It’s easier to start a business in India but conditions for setting it up far from ideal
India improved its ease of doing business ranking last year but it still ranks among the worst performers on other key parameters.Updated: Mar 06, 2017 10:24 IST
India improved its ease of doing business ranking last year – moving up from 131 to 130 in a list of 190 countries – by reducing the average time taken to start an enterprise and secure a permanent electricity connection, according to 2016 World Bank data. However, an IndiaSpend analysis of these data shows that India still ranks among the worst performers on other key parameters.
Using five parameters, IndiaSpend picked 10 nations across seven regions to compare India’s ease of doing business–south and east Asia (including China), developed countries, sub-Saharan Africa, lower middle income countries such as India (with per capita incomes between $1026 and $4035) and the European Union. In most indicators, India ranked low, coming closest to sub-Saharan African countries.
The five indicators are all related to the time taken to get key tasks completed. Those include: (1) starting a business, (2) building a warehouse and equip the industrial premises with water and sewerage connection, telephone line and safety measures, (3) getting permanent provision of electricity, (4) completing legal procedures and (5) resolving insolvency if a business fails.
We compared these parameters in India with three country groups over the decade 2007 to 2016: (1) neighbouring Asian countries (2) developed countries and (3) differently developed country groups.
Start time improves and electricity comes faster, but far from ideal
When compared to the most advanced western economies and Japan, Indian businesses take twice the time (26 days) that the slowest of the four most advanced countries take: US (6), UK (5), Germany (11) and Japan (11). However, it is an improvement over the 34 days it took in 2014 to get a new project going.
The one area where India has made considerable improvement is provision of electricity to new businesses. It has overtaken three major economies and lags only behind Germany in this aspect. From 60 days in 2009-12, the time taken to provide electricity to a new enterprise rose to 100 days in 2013-14, and then gradually fell to 46 days in 2016. South Korea leads with the least time, 18 days.
Warehousing, dispute resolution and dealing with insolvency: India still way behind
Companies in India take about half a year to build a warehouse, costing about Rs 50 lakh ($ 75,000) in Mumbai, with provisions for water, telephone and safety.
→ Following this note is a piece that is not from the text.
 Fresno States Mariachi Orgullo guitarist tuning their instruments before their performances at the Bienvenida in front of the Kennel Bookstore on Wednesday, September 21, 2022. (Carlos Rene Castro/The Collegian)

This is about the same time that Japan takes and twice the time taken by developed western nations such as US, UK and Germany. South Asia is the slowest region in this respect, slower than even African countries.
In every country, industrial and commercial disputes arise when there is a conflict of interest between companies or between companies and the government. Resolving these conflicts in the least possible time is a sign of a healthy and growing economy.
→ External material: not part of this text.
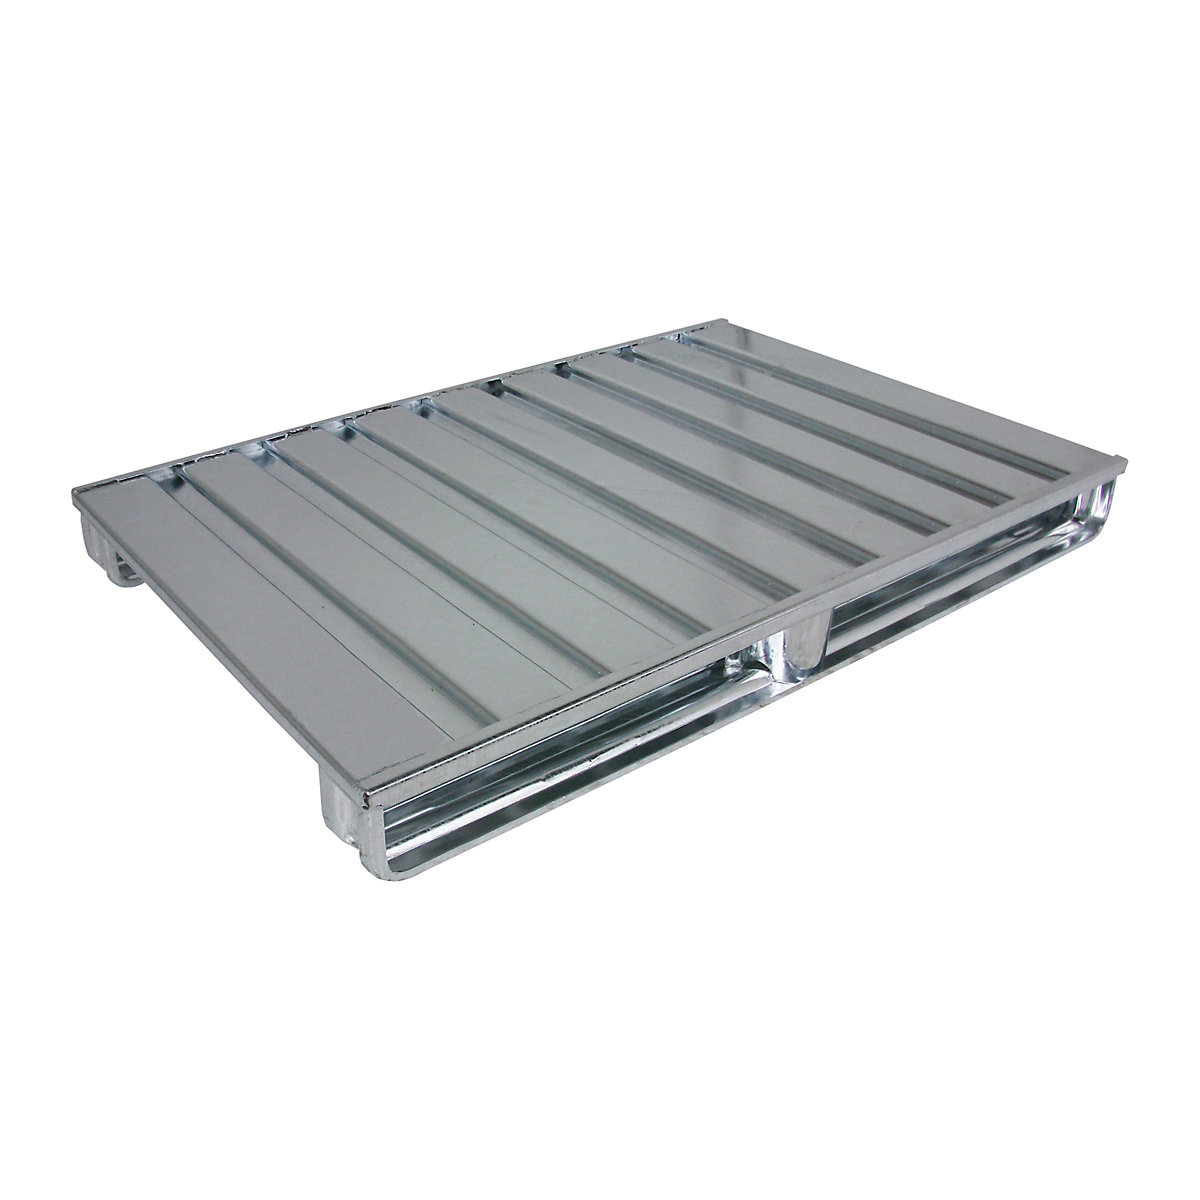 Flat steel pallet – Heson, LxW 1200 x 800 mm, max. load 2000 kg, zinc plated, 10+ items-3

India, on an average, takes thrice the time to resolve disputes than developed countries. India’s judicial system is fraught with delays and there is a shortage of lower as well as higher court judges, as IndiaSpend reported in May 2015 and December 2015.
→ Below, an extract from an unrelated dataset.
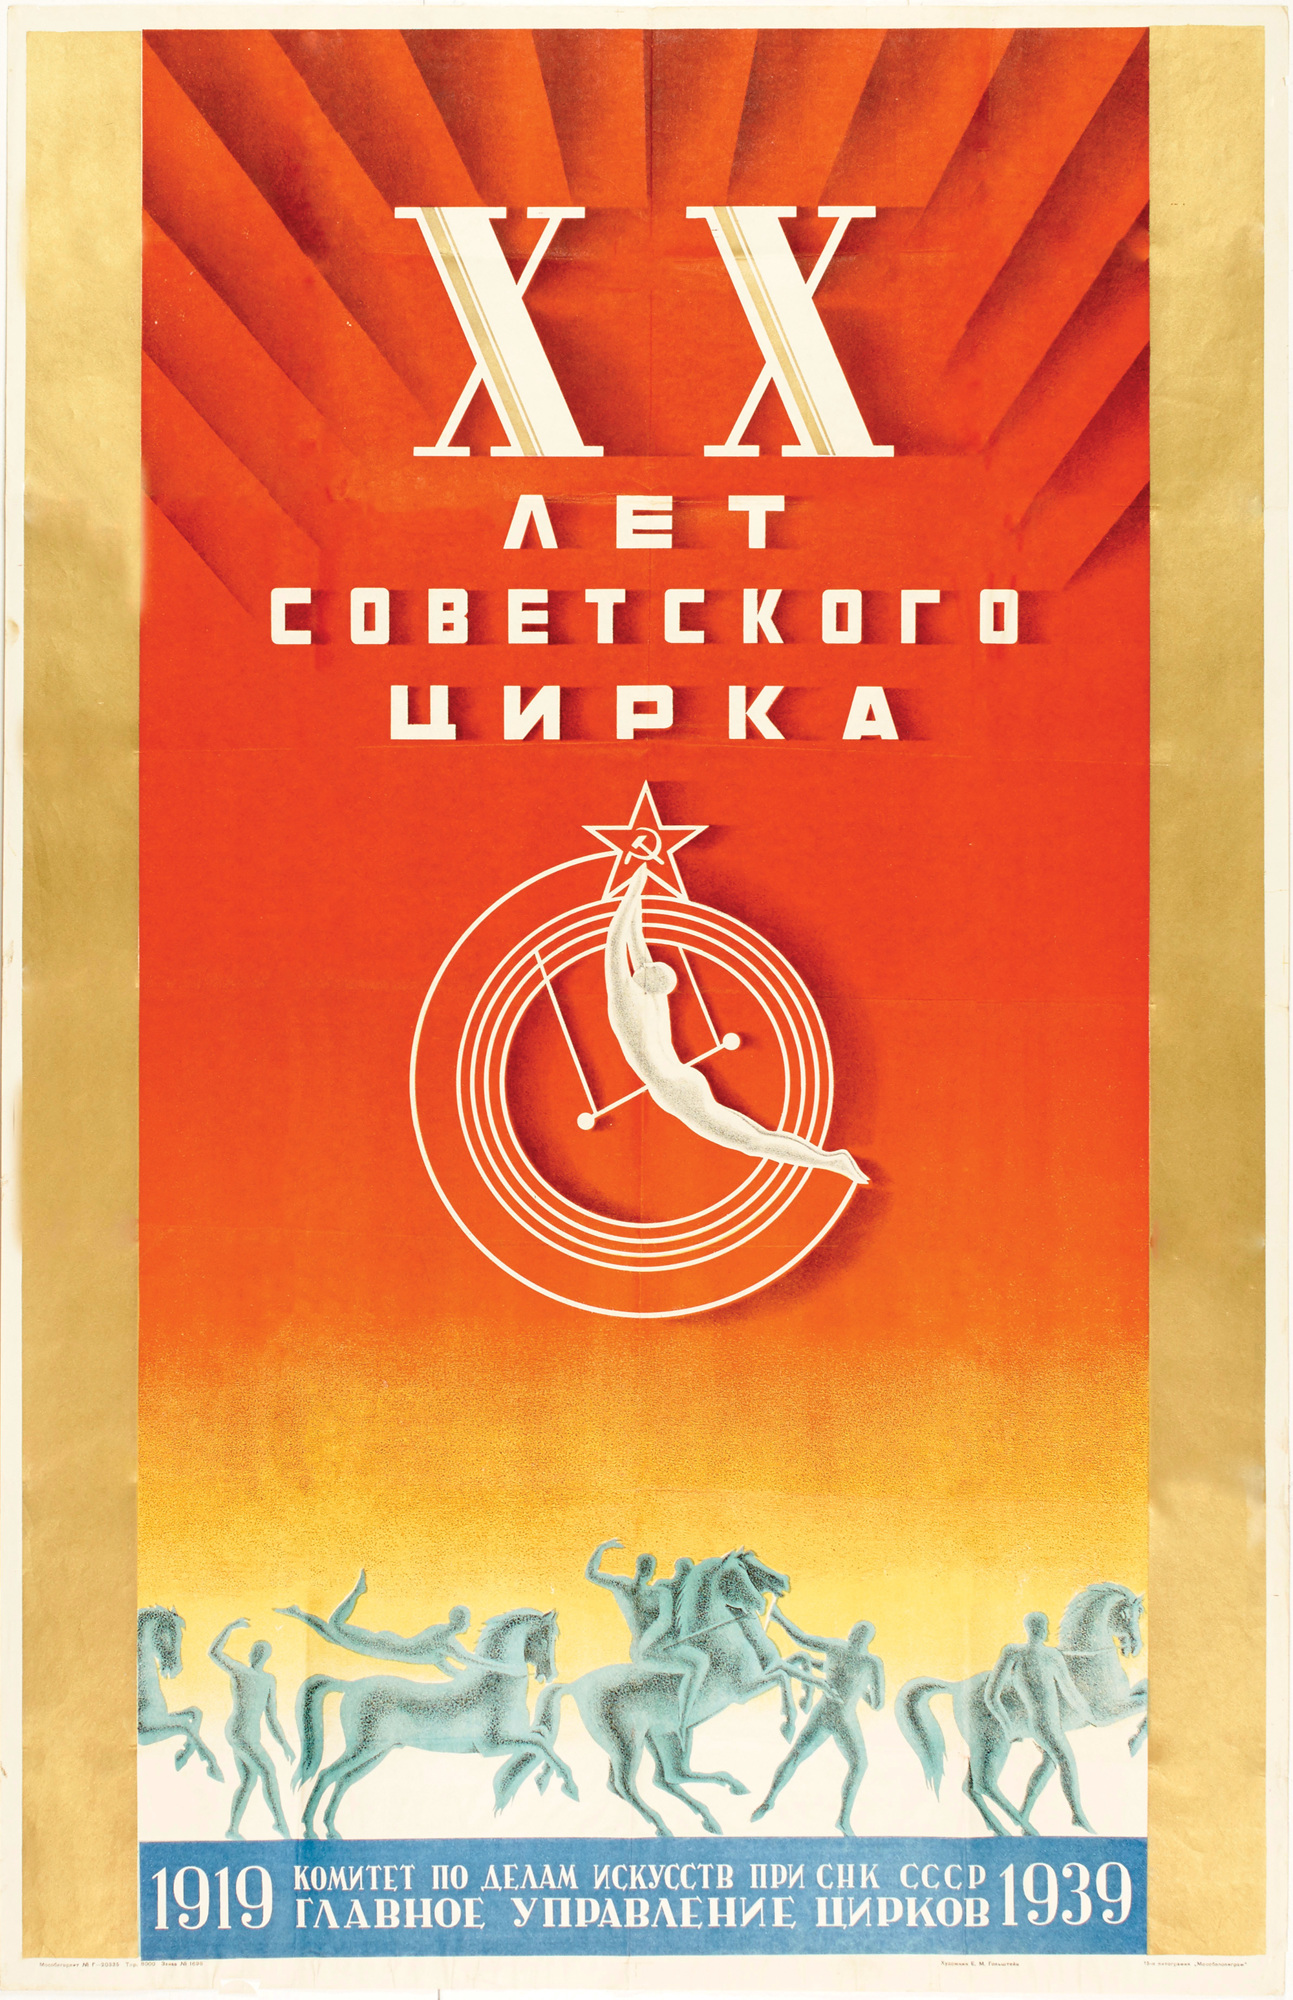 This Russian poster, from 1939, shows the stark aesthetic of the Soviet culture of the time.

India is slower than even its poorer Asian neighbours at resolving insolvencies that are common in market economies. When businesses collapse, it is important to resolve and recover accumulated loans and debts so that entrepreneurs and banks do not suffer.
This “twin balance sheet problem” – soaring company debts coupled with unrecovered bank loans – was stressed in the Economic Survey 2015-16, after non-performing assets (NPA) of public sector banks piled up to 9% of the total loans disbursed by them. Today, their NPAs have crossed 12% of the total advances.
It takes, on average, four years and four months to resolve insolvency in India, compared to four years in Bangladesh, two years and seven months in Pakistan and one year and eight months in China and Sri Lanka.
Japan resolves insolvency issues in seven months, the least time taken among the ten countries and regional averages analysed.